# [What you will do]
The whole listing below is to be copied exactly, with every picture left out.
--- Input data Enclosed Below ---
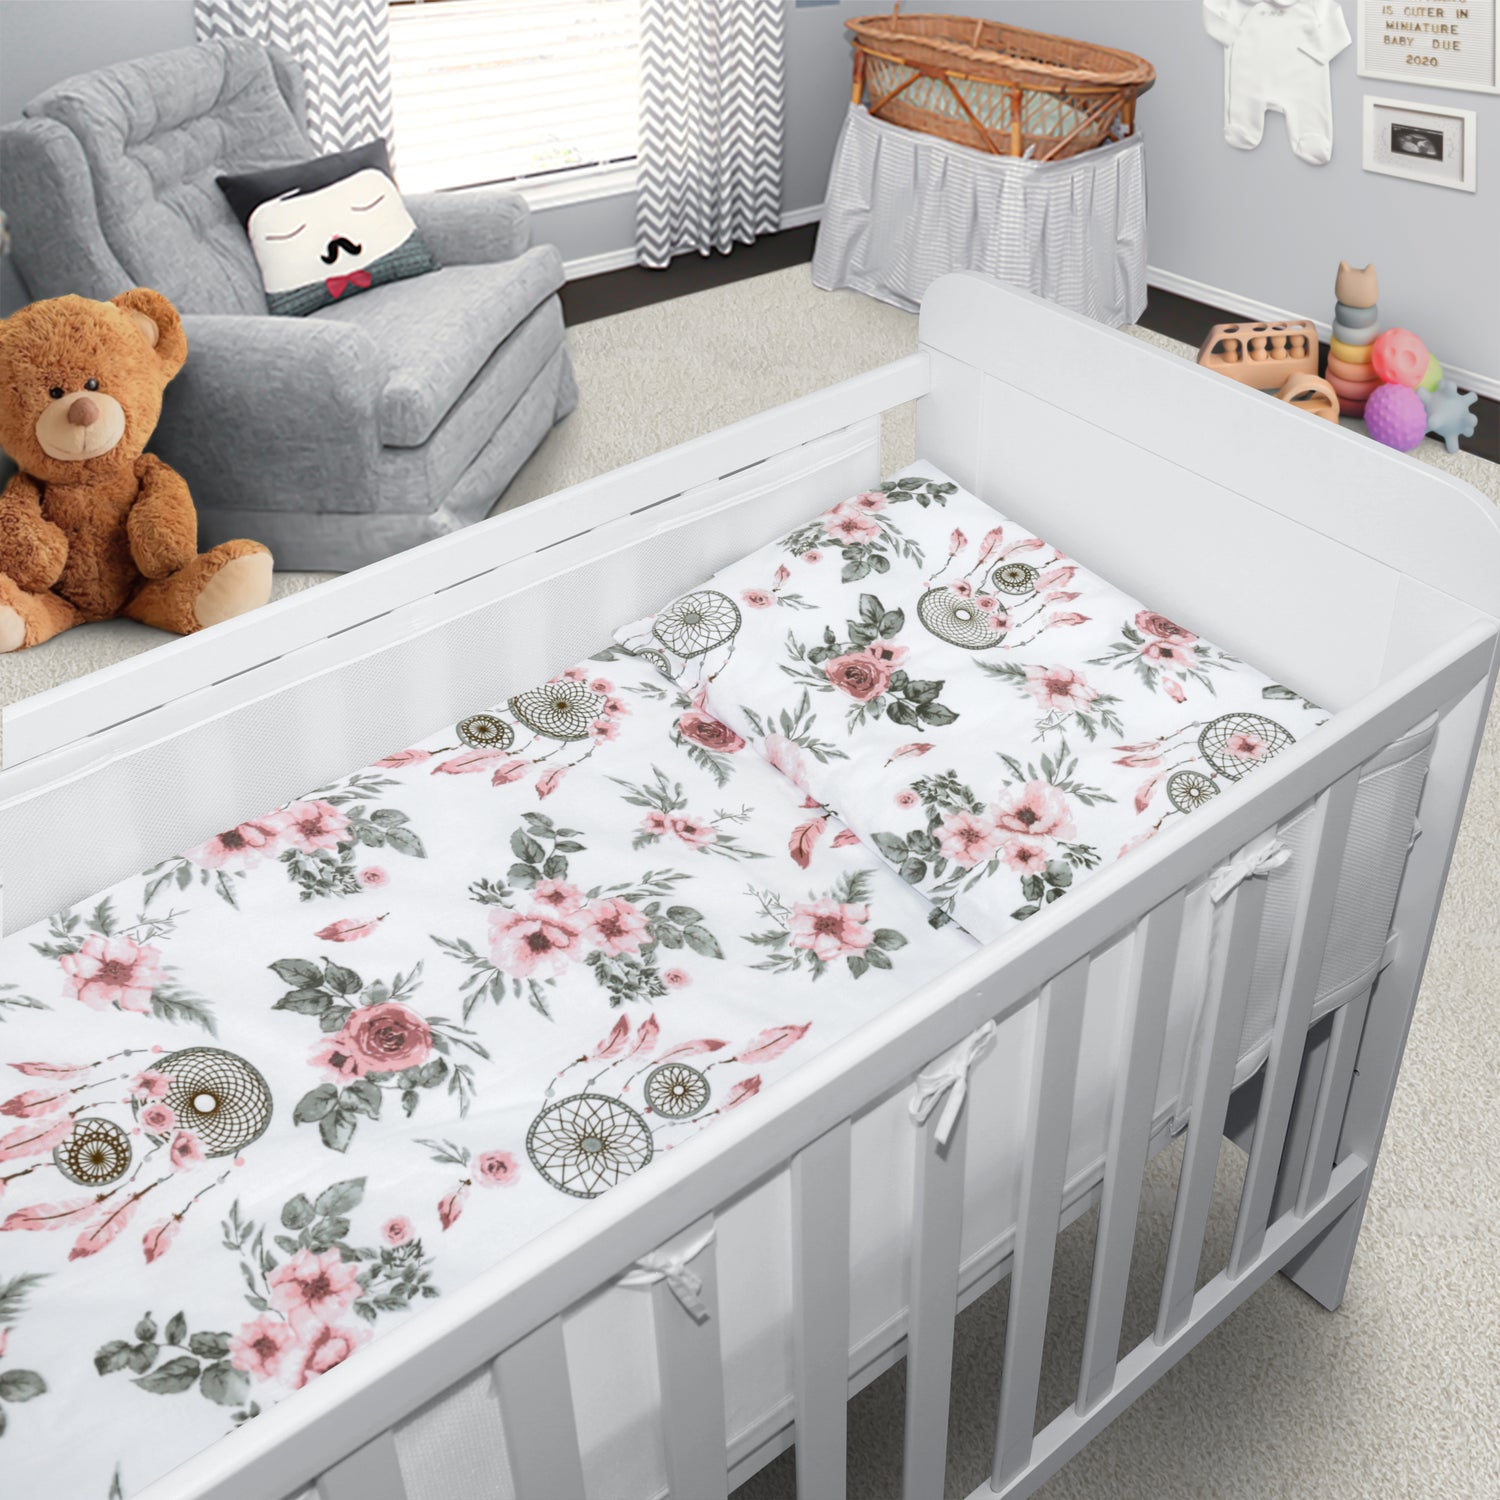 Baby Cot Bedding Set 6Pc Fit Cot 120x60cm Dream Catcher Peach
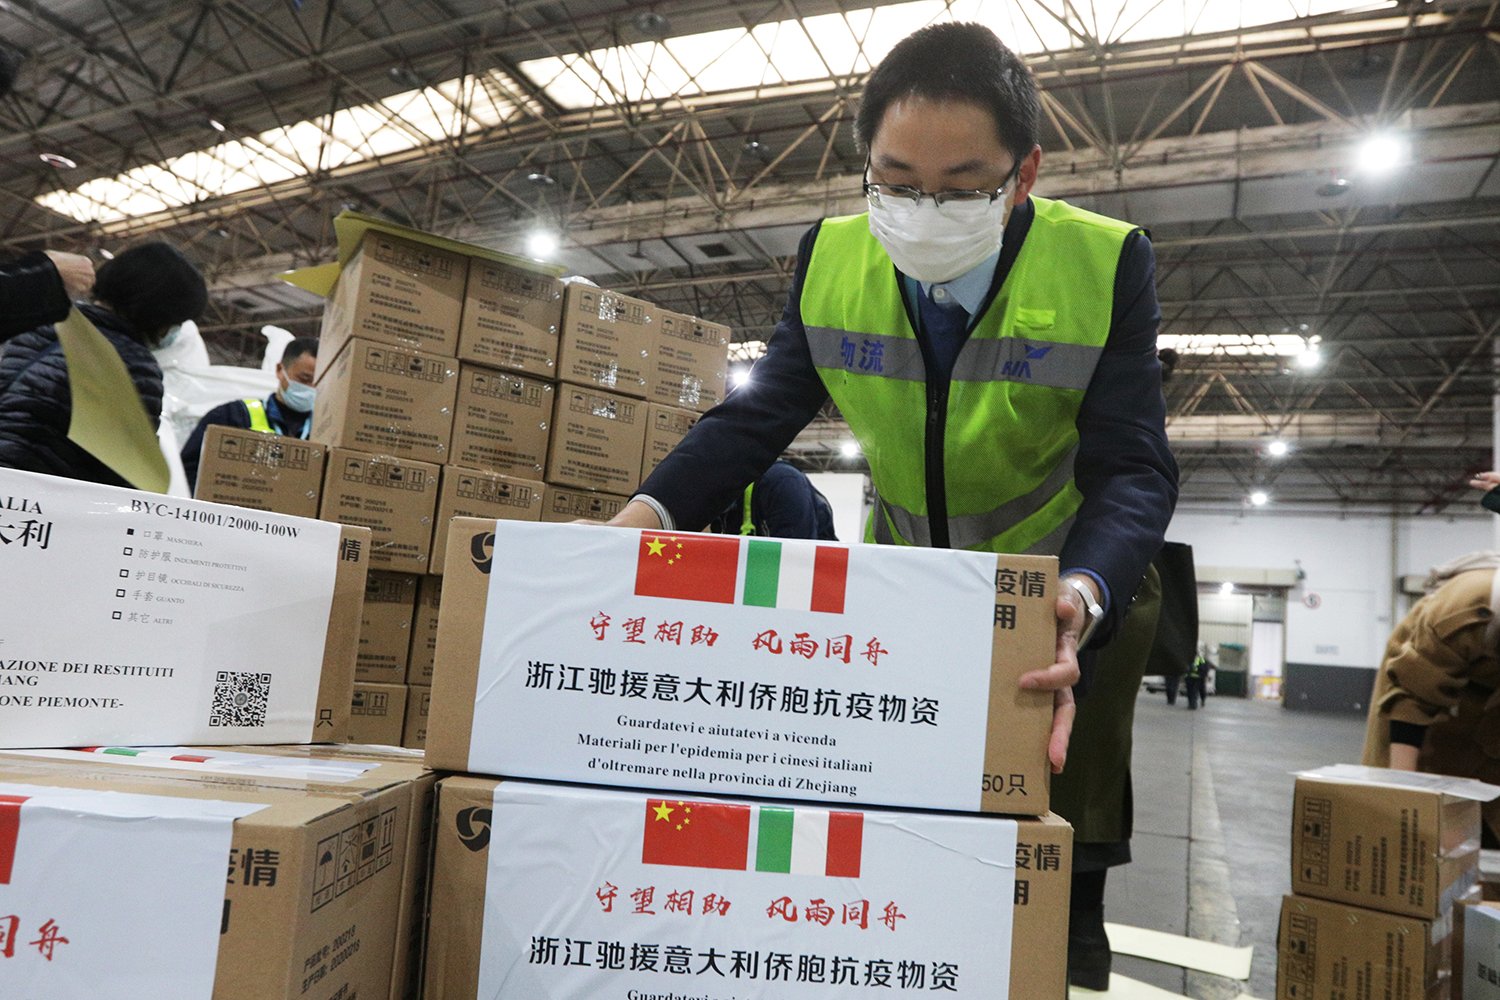  De ce preferă companiile chineze să lucreze cu muncitori din China chiar şi în Europa
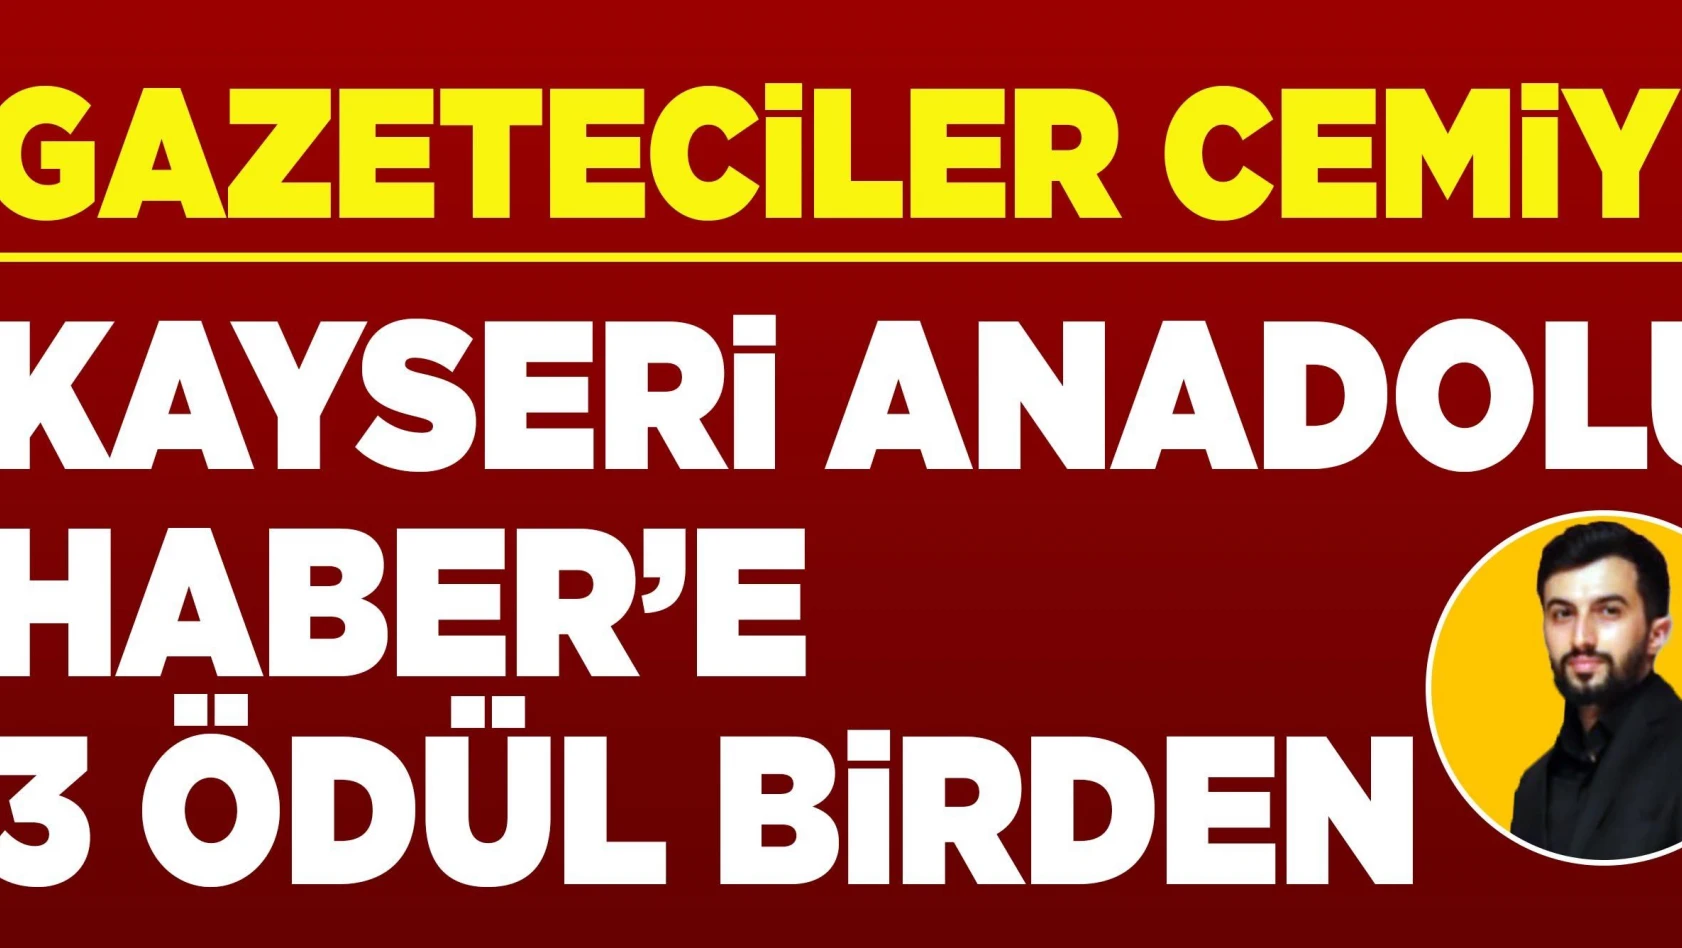 Kayseri Gazeteciler Cemiyeti'nden gazetemize 3 ödül
--- End of Enclosed Input data ---
# [Reply]
 Baby Cot Bedding Set 6Pc Fit Cot 120x60cm Dream Catcher Peach
  De ce preferă companiile chineze să lucreze cu muncitori din China chiar şi în Europa
 Kayseri Gazeteciler Cemiyeti'nden gazetemize 3 ödül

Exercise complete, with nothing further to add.